Kunitz trypsin inhibitor (KTI) is one of the abundant antinutritional proteins in soybean seed that inhibits trypsin, an important animal digestive enzyme . In addition, KTIs have been characterized as food allergens in humans . In soybean, three KTI genes (KTI1, KTI2 and KTI3) have been reported, and both transcriptional and post-transcriptional processes regulate KTI gene expression . The KTI3 transcript was detected only in the soybean seed, while KTI1 and KTI2 transcripts are expressed in soybean leaf, root, and stem. Our study showed that although the overall distribution patterns of KTI protein spots are quite similar in wild and cultivated genotypes, the number of protein spots and their intensities varied between these genotypes . Three protein spots (#54-56) of KTI were identified by MALDI-TOF-MS and database searches in wild soybean varieties. Soybean agglutinins are another class of anti-nutritional proteins present abundantly in soybeans. The presence of this protein accounts for about 10% of total protein in some legumes. The wild soybeans showed 6 spots (#48-49, 57-60) of soybean agglutinins.

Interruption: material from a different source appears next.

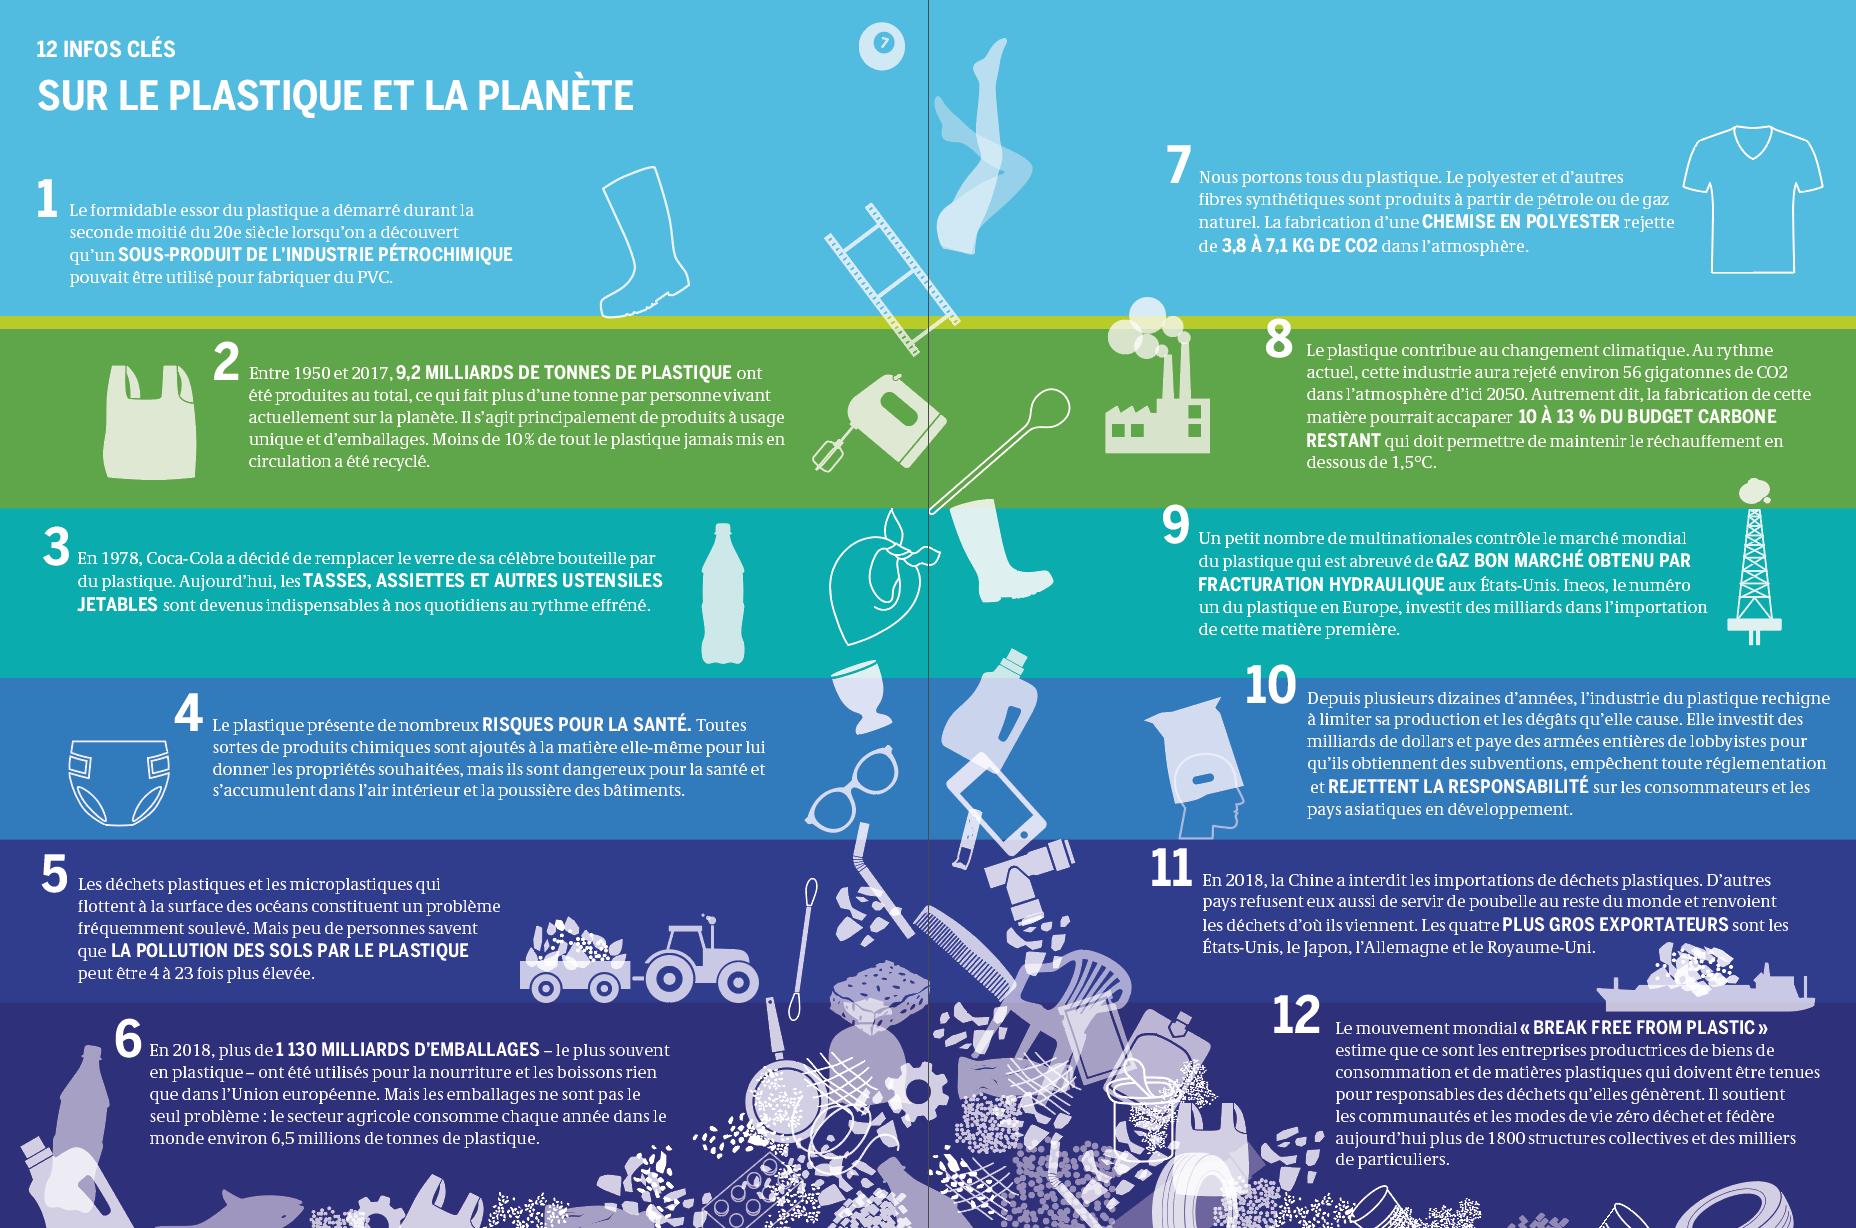 Atlas du Plastique : faits et chiffres sur la crise du plastique 8-%2012%20infos%20cl%C3%A9s

In conclusion, effective extraction methodology is important for analysis of both abundant and low abundant soybean seed proteins. The combination for 2D-PAGE with MS effectively differentiates several classes of soybean seed proteins. We have characterized storage, allergen, and anti-nutritional proteins among different soybean genotypes using proteomic tools. The database, SoyProDB, is useful for scientists wishing to tailor products with specific proteins to produce value-added soybean genotypes. These tools and methods will be used in ongoing investigations to study the biosafety of transgenic soybeans in our laboratory.
Funding for this research was provided by ARS project 1245-21220-232-00D.